The cascaded or serial process illustrated below can process all four categories of contaminants discussed above at approximately 1.5 million US gallons per 24 hours, far more efficiently, less costly and more precisely than any other oil or natural gas waste water processing system known today.




How the proposed system is used in the field or in a centralized processing facility obviously depends on the volume and type of contaminated water being handled on a daily or scheduled basis. In addition to the mobile unit illustrated above, more complex or larger volume system can be transported and operated in the field or at a centralized facility.


Existing/available frac tanks as shown above can be modified to accommodate several stages of the proposed waste water system. This particular configuration would be suited for operation in difficult environmental conditions yet remain portable should its capability be required elsewhere.

It is called a "full feature" processing system with all of the modules and capabilities summarized in the table above. It is also a "hard wired" configuration where internal and internal connections are permanent and its utility is one of maximum reduction of difficult waste water conditions.

The internal interconnections can also be "soft wired" so as to bypass modules that may not be needed in a particular situation, thus increasing possible thru put of the system.


Ocean-style containers modified for side-access are shown below. In this case, the water processor components are accessible from the side and can interchanged or replaced as needed to create a special capability to deal with specific waste water conditions and desired results or products.

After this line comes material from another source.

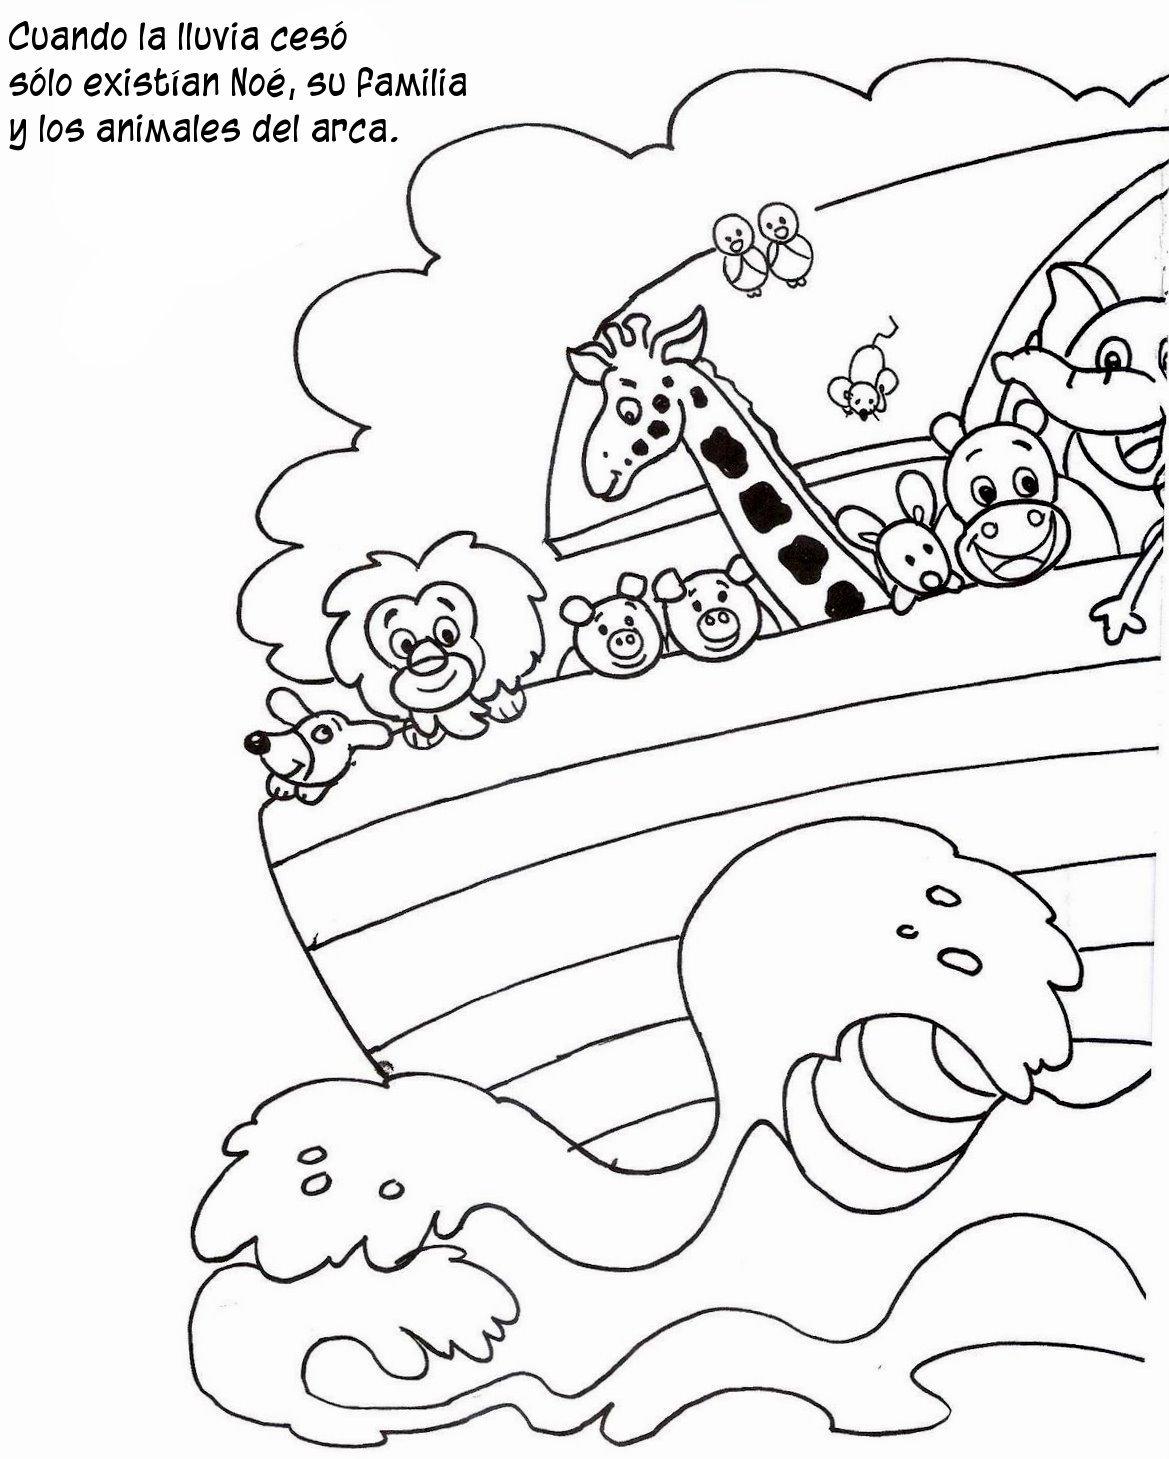 Compartiendo Por Amor Historia Arca Noé En Dibujos

These types of containers are very popular when accessibility to controls, monitoring equipment or maintenance activities are expected.

For the containerized configuration, the individual processor modules are skid mounted and can be easily placed or removed from the proper interior location with a conventional front loader. Inter-module electrical and plumbing connections can be then made to the pre-wired and pre-plumbed water processing modules.

If such units are deployed in inclement weather/wind conditions, the access doors are located on the leeward side of the container's orientation, as determined in part by Wind Rose data from that particular site. This affords maximum physical protection for any maintenance crew needing access to the interior components.



An individual module of one of the water processors is shown below, illustrating how it can easily be trailer or flat-bed mounted for rapid mobility in or around the oil or natural gas field. The particular module shown below, depending on local waste water conditions is capable of process between 7000 and 10,000 barrels of waste water per 24 hour period.